Confidence, Competence and Employer Expectations

Confidence, Competence and Employer Expectations supports I 2.6. For dental nurses this means recognising that direct access services still require appropriate training, confidence and workplace support.
Team working is a safety system: know roles, respect scope, communicate clearly and protect colleagues who raise concerns.
In practice this shows up in ordinary moments: a patient who seems uncertain, a receptionist asking for guidance, a dentist moving quickly, a trainee needing feedback, a digital message, a handover, or a colleague worried about raising a concern. Interpersonal skill is the ability to respond with care, clarity and professional judgement.
Practical markers
- Notice: what the patient, colleague, situation or system is signalling.
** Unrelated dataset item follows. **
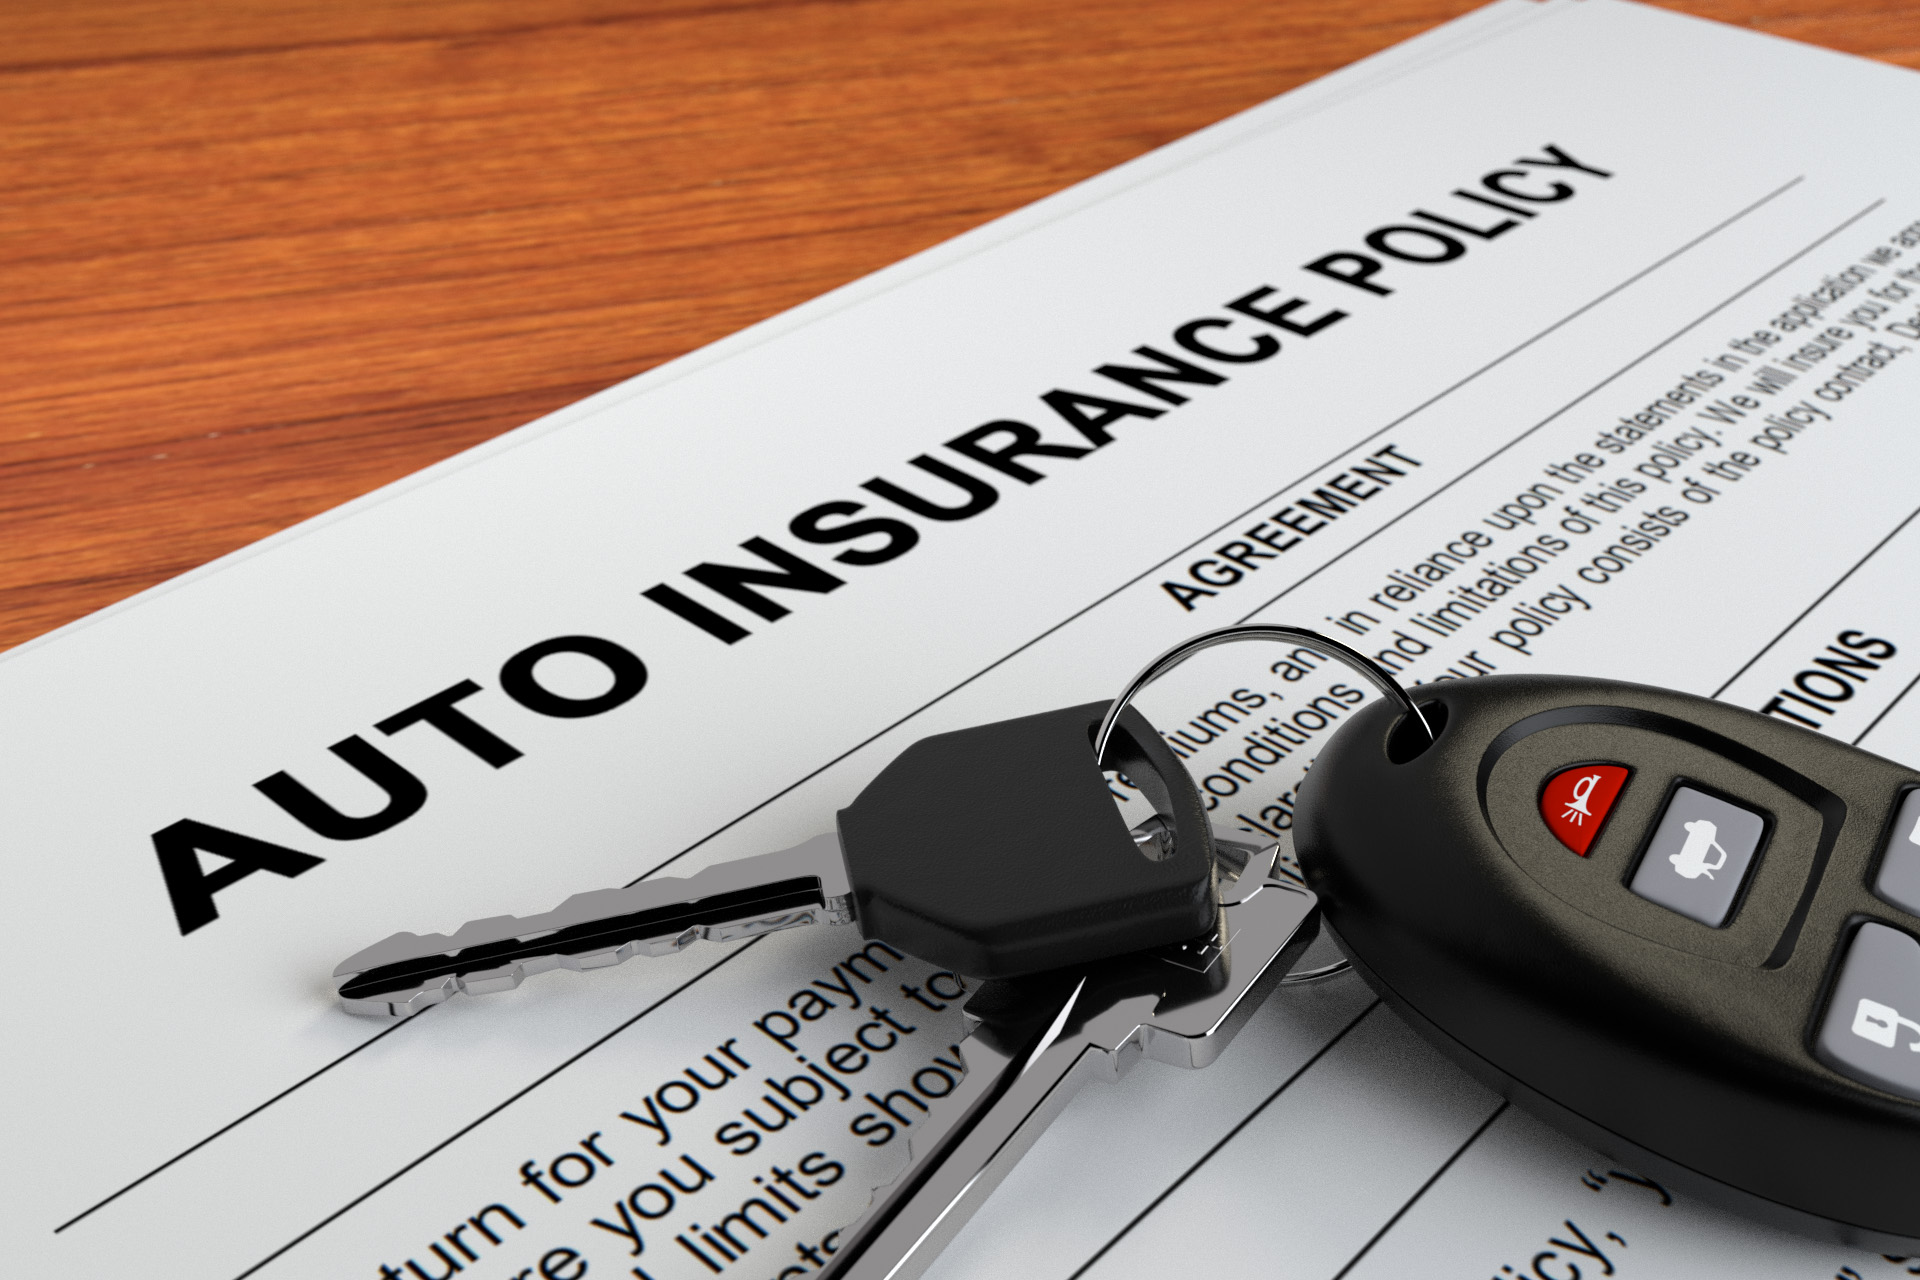 Auto insurance policy car keys free image download
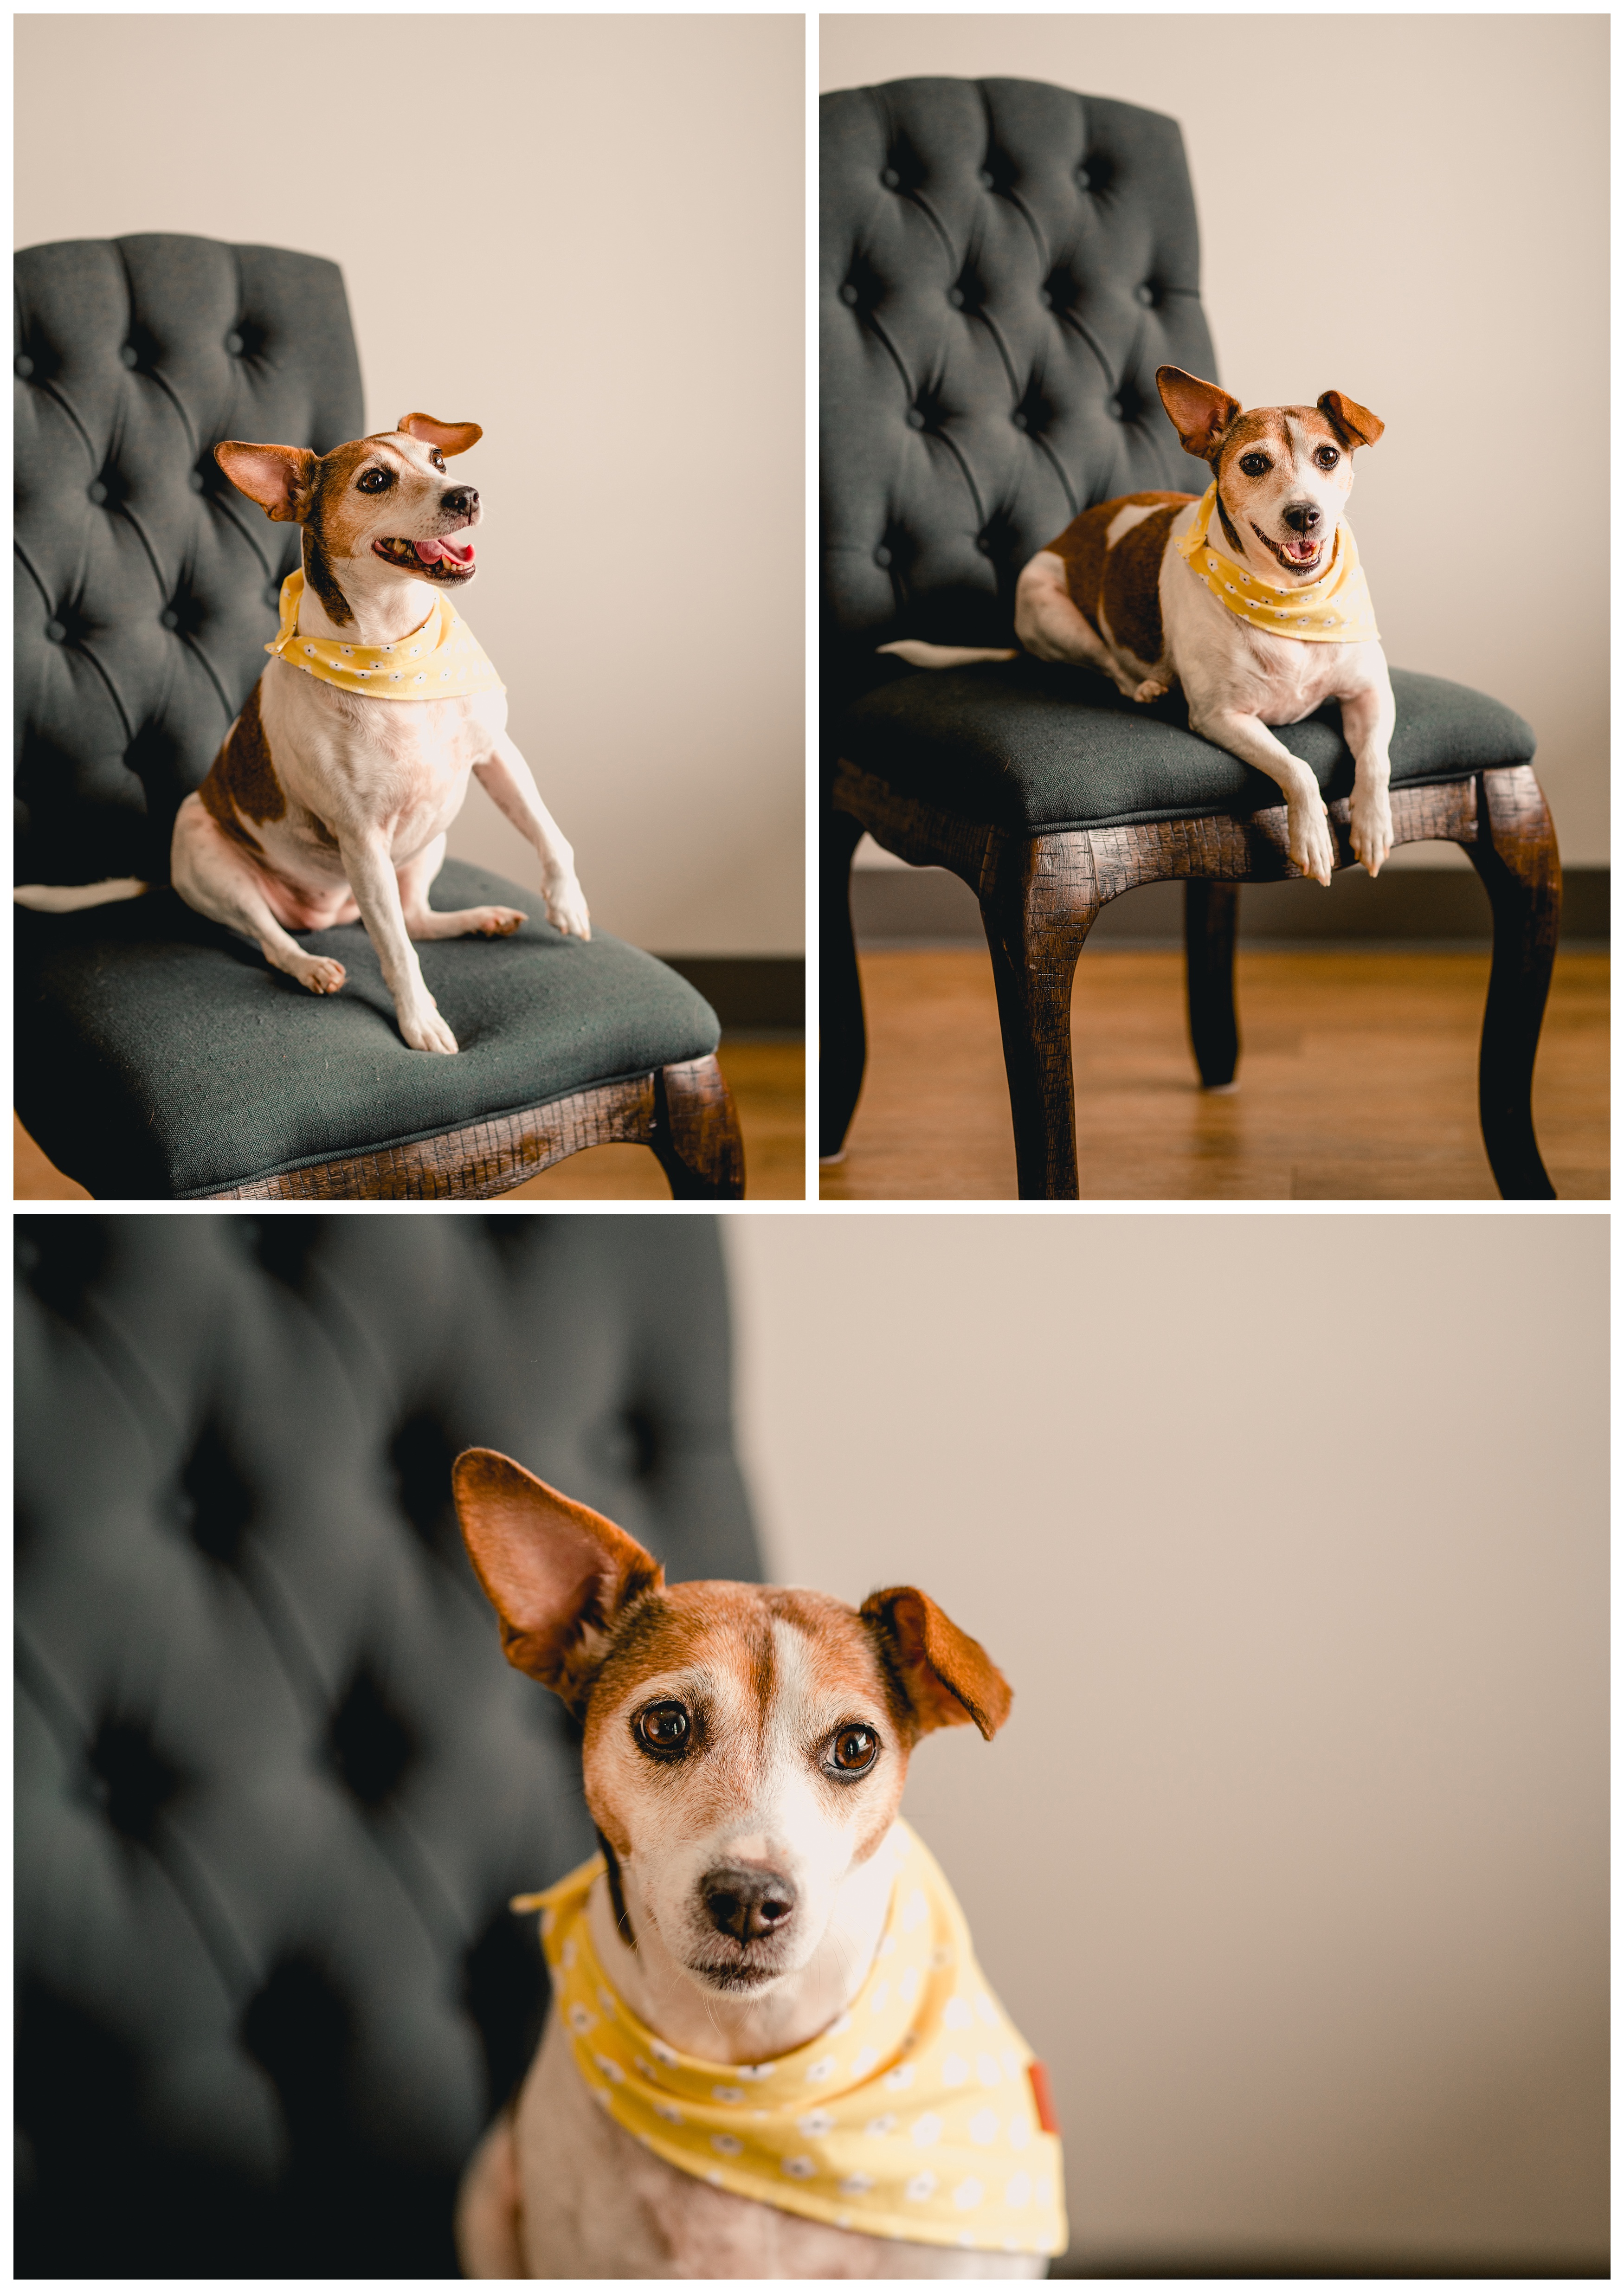 Studio pet photos in Live Oak, FL get personalities of the dogs in the photographs. Shelly Williams Photography

- Choose: a communication method, team route or escalation step suited to the context.
- Respect: role boundaries, confidentiality, dignity, cultural needs and emotional impact.
- Check: understanding, responsibility, handover and whether the next person has the information they need.
- Follow up: record actions, provide feedback, seek supervision, discuss in team meetings or raise a concern if needed.
Useful language can be simple: "Can we pause and check whose role this is, so the patient gets the right support?" The wording is calm and professional and gives the team a clear reason to pause, clarify or escalate.
The impact of Direct Access on registrant groups and the application of each group's scope of practice helps dental nurses protect patient dignity, team trust and safe care.